L’Australie ainsi que la République démocratique du Congo produisent environ la même quantité de diamant par an soit 15 à 20 millions de carats ce qui représente 15 % de la production mondiale. D’autres pays viennent compléter cette liste qui ne bouge que très peu au fil des ans ; ainsi on retrouve parmi les géants du diamant l’Afrique du sud, le Canada, l’Angola, la Namibie ou bien encore la Chine.

L’exploitation minière

Le Brésil

Alors que les gisements indiens s’épuisent, les Portugais découvrent en 1725 des paillettes d’or et des diamants en filtrant les limons des rivières du Brésil. La ville de Diamantina, dans l’État actuel du Minas Gerais, se développe sous le contrôle de la couronne portugaise qui régente plus de dix centres d’extraction et emploie plus de 3 000 esclaves. Le Brésil est alors le premier producteur de diamant, mais, l’extraction n’exploitant que de maigres gisements alluvionnaires, les diamants restent des produits rares et par conséquent chers, dont le commerce est concentré entre les mains de quelques banquiers regroupés à Anvers, Amsterdam et Londres.

L’Afrique du Sud

Eurêka

En 1866, des enfants de la colonie boer d’Afrique du Sud qui jouaient aux billes avec des graviers sur les bords de la rivière Orange découvrent un gros caillou jaune, brillant, de 4 grammes, qui passant de mains en mains finira par être authentifié comme un diamant de type Brownish Yellow, baptisé l’Eurêka. Mais on est encore loin de soupçonner le potentiel minier de la région, et le savant géologue James R. Gregory consulté par un diamantaire de Londres, affirme que : « Les caractères géologiques de cette partie du pays rendent impossible que quoi que ce soit ait pu y être découvert. » La suite est éloquente et les Britanniques, avec leur humour bien connu, feront passer le nom de Gregory à la postérité en surnommant gregories les milliers de mineurs qui vont se ruer sur les sites découverts un à un.

Dans la roche-mère

Trois ans plus tard, la découverte d’un autre diamant quatre fois plus gros (l’Étoile du Sud, aujourd’hui à Bombay) trouble les esprits et les premiers chercheurs envahissent la région lorsque l’on découvre à nouveau un diamant, dans la roche-mère cette fois, à Jagersfontein, puis à Bultfontein, et enfin en 1871 sur les terres de la famille De Beer, qui, effrayée, s’empresse de vendre sa ferme à des investisseurs britanniques du Cap.

Kimberley

Un troisième site est mis à jour à 3 km des précédents, sur la colline de Colesberg Kopje. Des milliers de mineurs affluent pour creuser des trous de 31 pieds de large (9,45 m). Dans les premières années seulement chacun n’a encore droit qu’à deux concessions maximum. Dans la fièvre, on se méfie du voisin, on creuse des trous de plus en plus profonds, on tamise, on filtre, on déblaie. En 1871, la population des mineurs, marchands et auxiliaires divers s’élève à environ 50 000. Ils ignorent encore qu’ils sont dans le cratère d’un volcan. Sur la colline d’où le minerai est extrait, s’élève une nouvelle ville, baptisée « Kimberley » en 1873, qui doit son nom au ministre des colonies de la Couronne britannique, Lord Kimberley. (En 1913, le « grand trou » de Kimberley atteindra 1 100 m de profondeur…).

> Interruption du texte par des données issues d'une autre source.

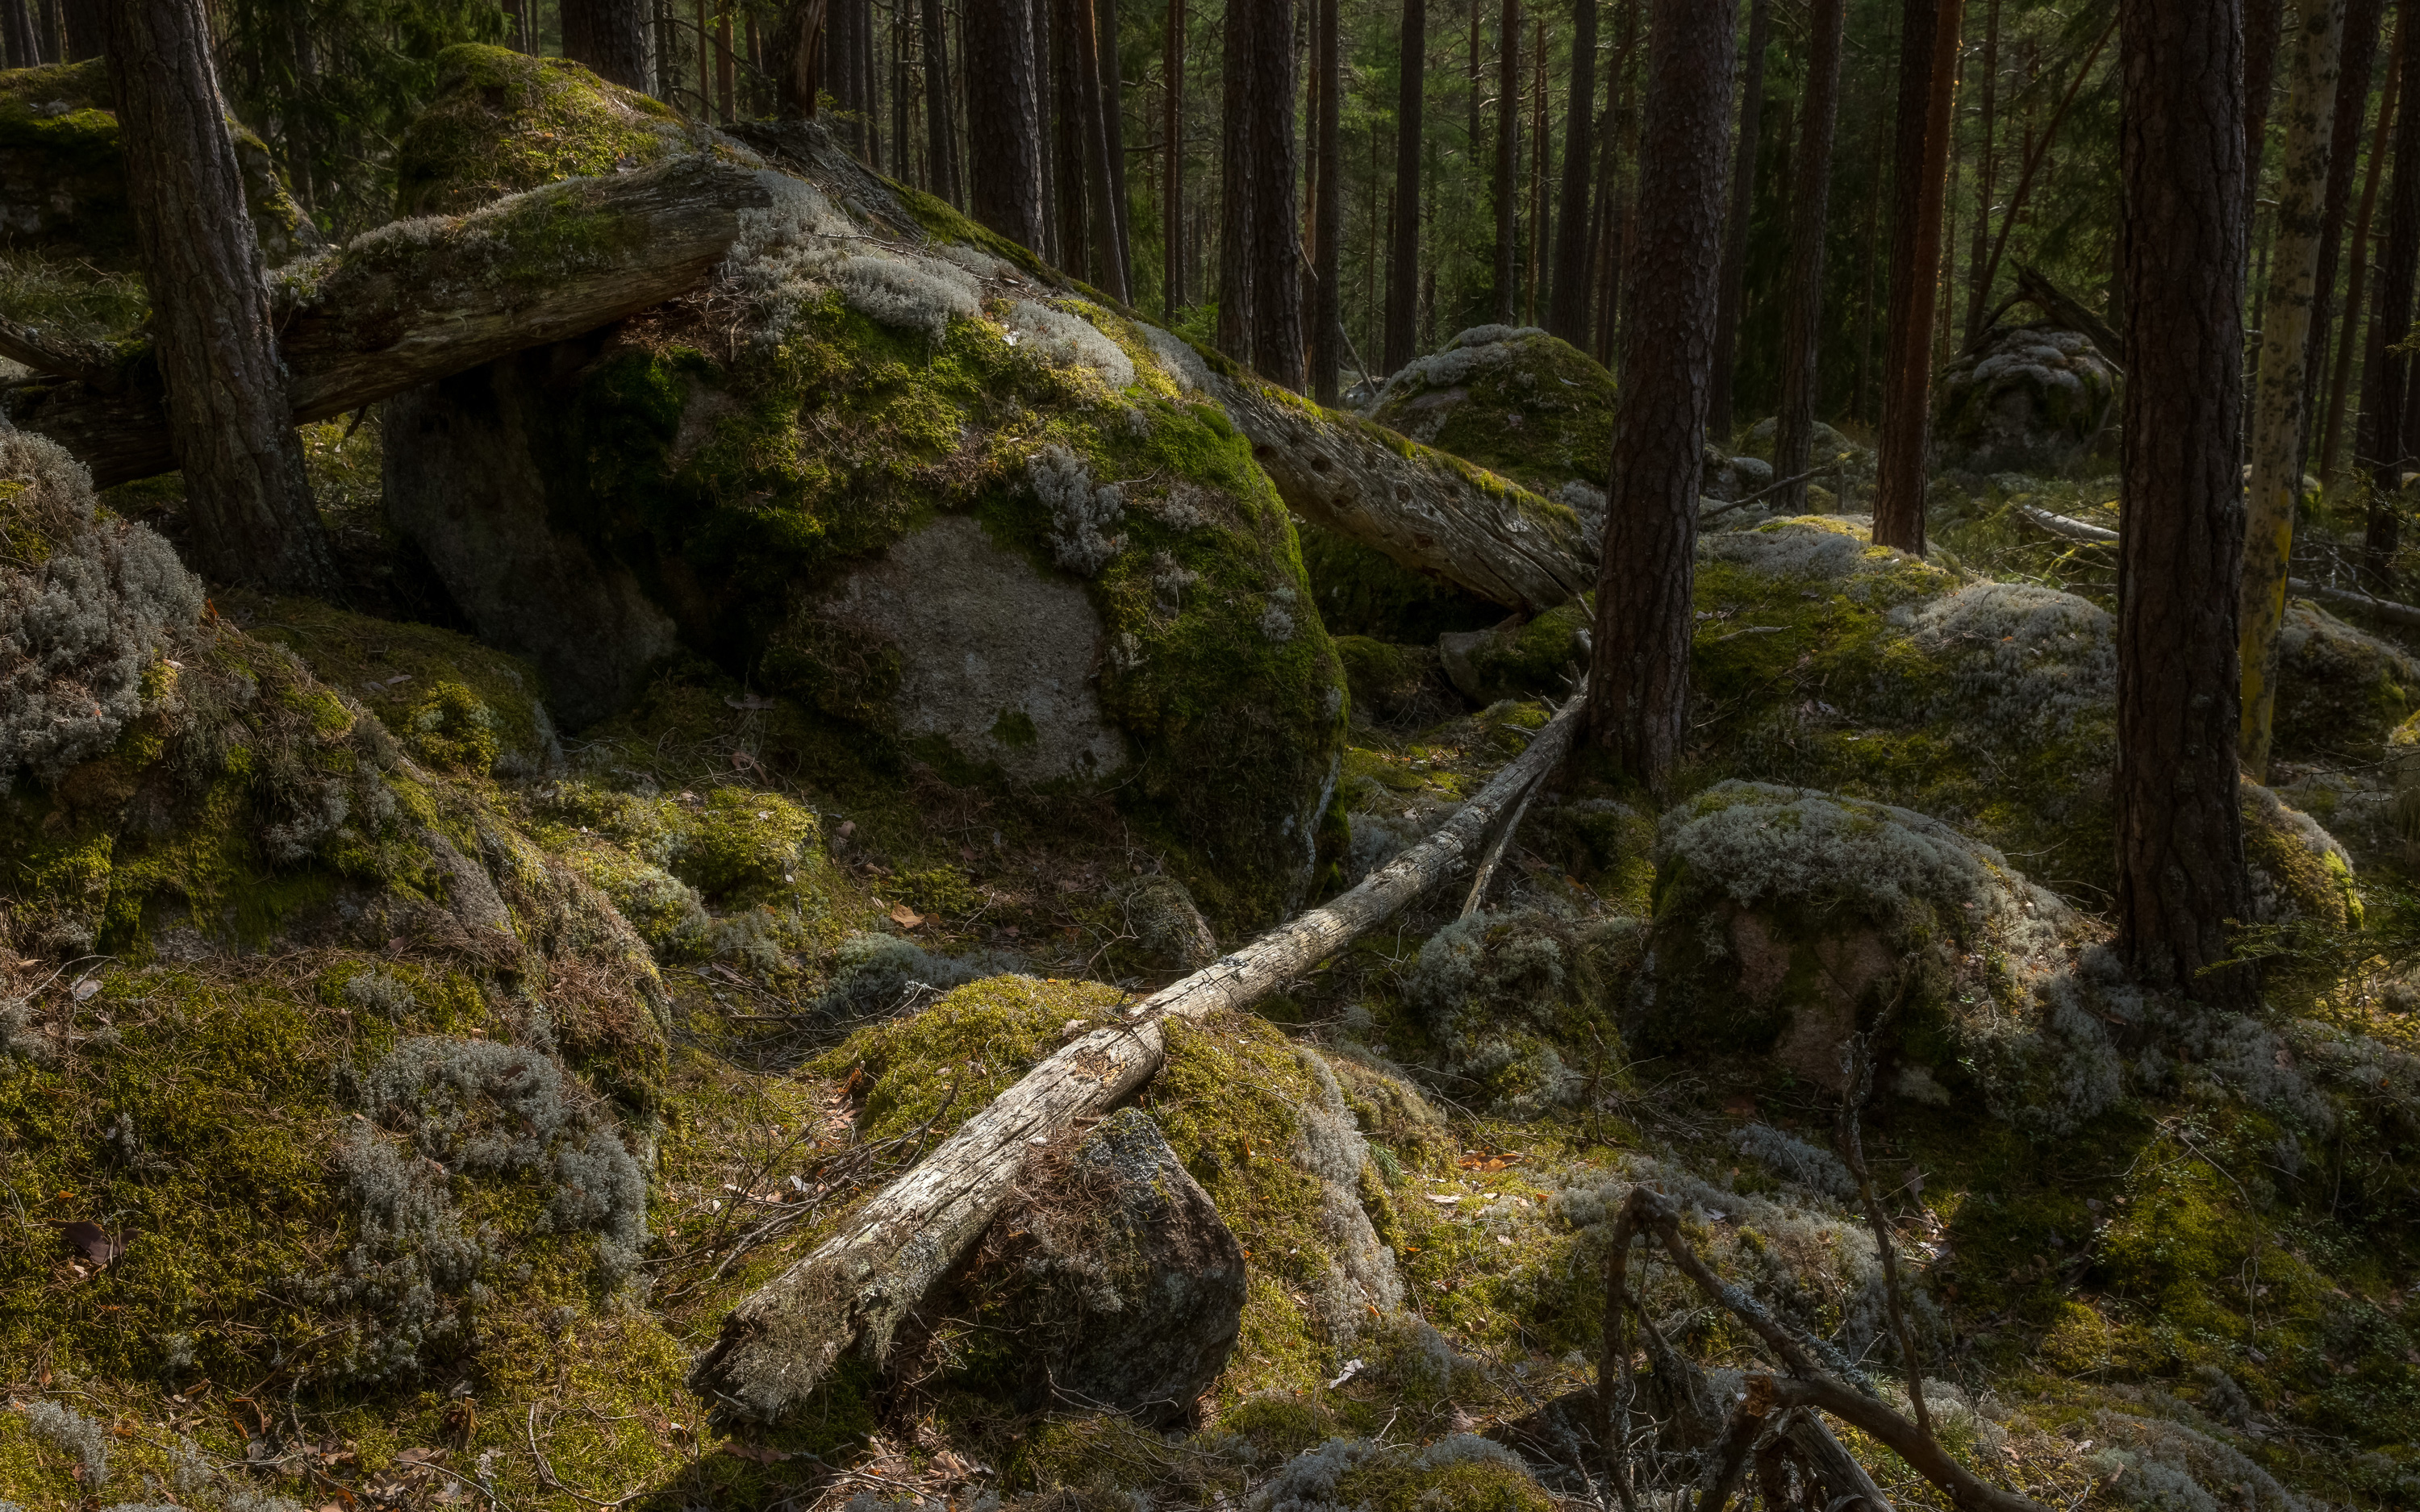 Urskog med mossiga stenar och tallar

De Beers : naissance d’un empire capitaliste et colonial

La mise au jour en Afrique du Sud de mines qui semblent inépuisables change complètement la donne. Le monde du diamant explose : la précieuse gemme n’est plus un produit rare. Les prix vont-ils s’effondrer ? C’est ce qui aurait pu arriver sans le génie commercial d’un colonisateur britannique, Cécil Rhodes.

Cecil Rhodes

Fils de pasteur anglais, Cecil John Rhodes vient à l’âge de dix-sept ans rejoindre son frère Herbert qui a une plantation de coton, en Afrique du Sud, dans la province du Cap, où la découverte des premiers gisements de diamants est en passe de bouleverser le pays. très vite, les frères rachètent des petites concessions sur les terres de la famille De Beer, et Cécil fait ses premiers pas d’homme d’affaires en vendant des équipements et de l’eau pour les mineurs, plutôt qu’en prospectant. Pour vidanger l’eau qui stagne au fond des mines et freine l’avancée des fouilles, il déniche une pompe à vapeur, la seule de toute la colonie, et offre ses services en contrepartie de diamants et de parts de concessions.

Une Afrique britannique « du Caire au Cap »

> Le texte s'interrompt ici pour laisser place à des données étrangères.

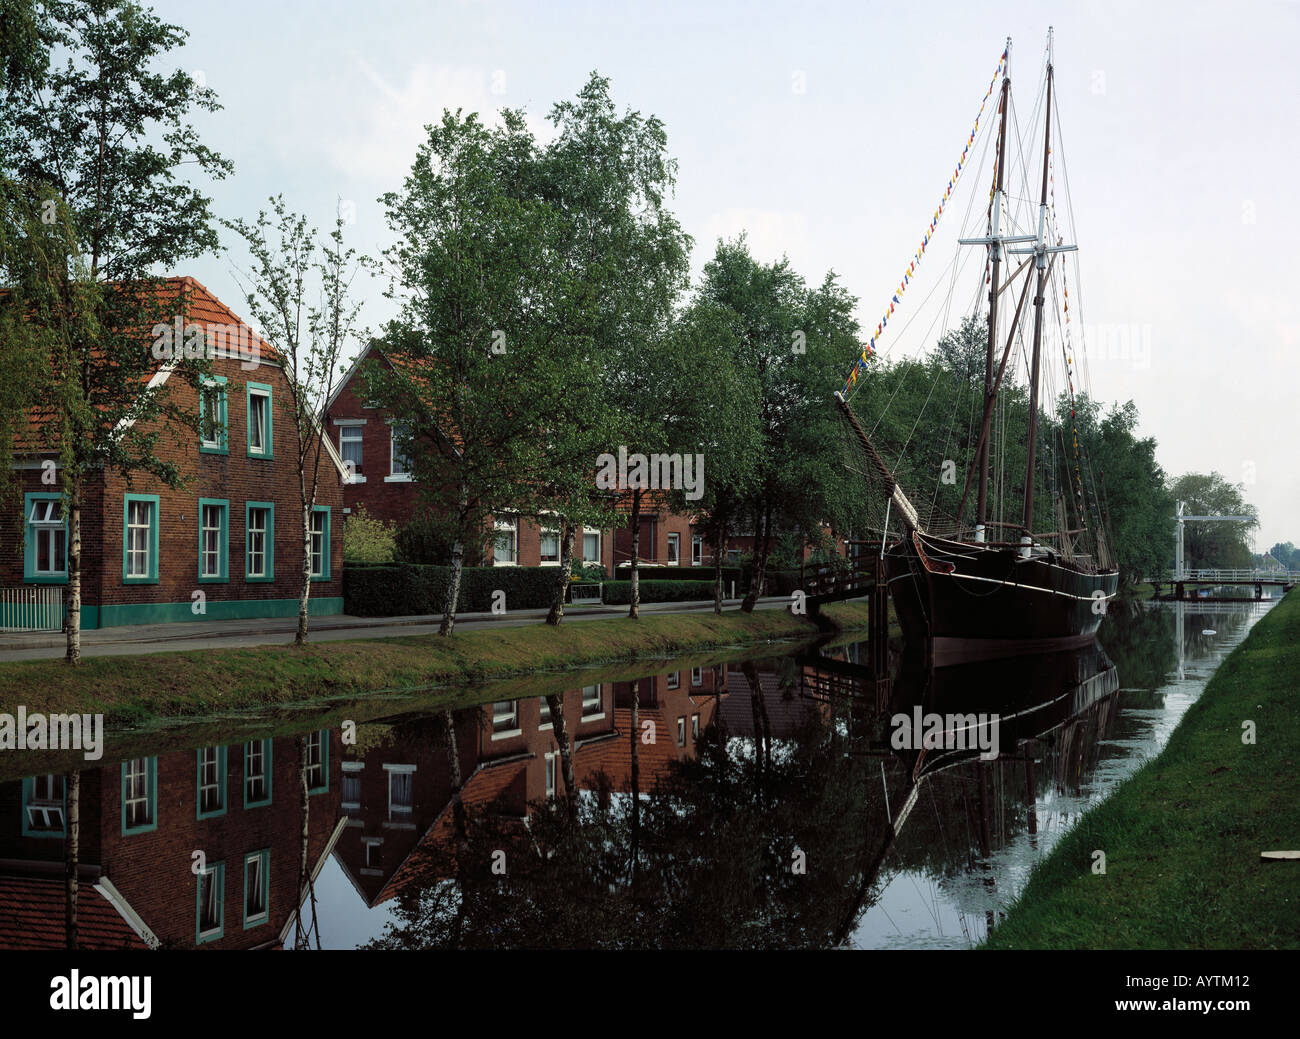 Hauptkanal mit Museumsschiff, Haeuser an einem Kanal, Papenburg, Emsland, Niedersachsen Stock Photo

Rhodes ayant une certaine idée de la « supériorité » de la race blanche et en particulier des Britanniques, il se fait un devoir quasi religieux de renforcer la colonisation en Afrique du Sud et ne doute pas d’être un bienfaiteur de l’humanité. Après s’être illustré dans la lutte contre les Boers, il se fait élire député de la ville de Kimberley en 1881, puis bientôt devient premier ministre de la colonie du Cap (1890-1896). La reine d’Angleterre lui accordera une « charte » pour la British South Africa Company qu’il a créée pour contrôler les royaumes du Zambèze, auxquels on donna en 1894 le nom de Rhodésie (actuel Zimbabwe). Il ne réalisa pas complètement son rêve d’une Afrique britannique unie par un chemin de fer reliant « le Caire au Cap ».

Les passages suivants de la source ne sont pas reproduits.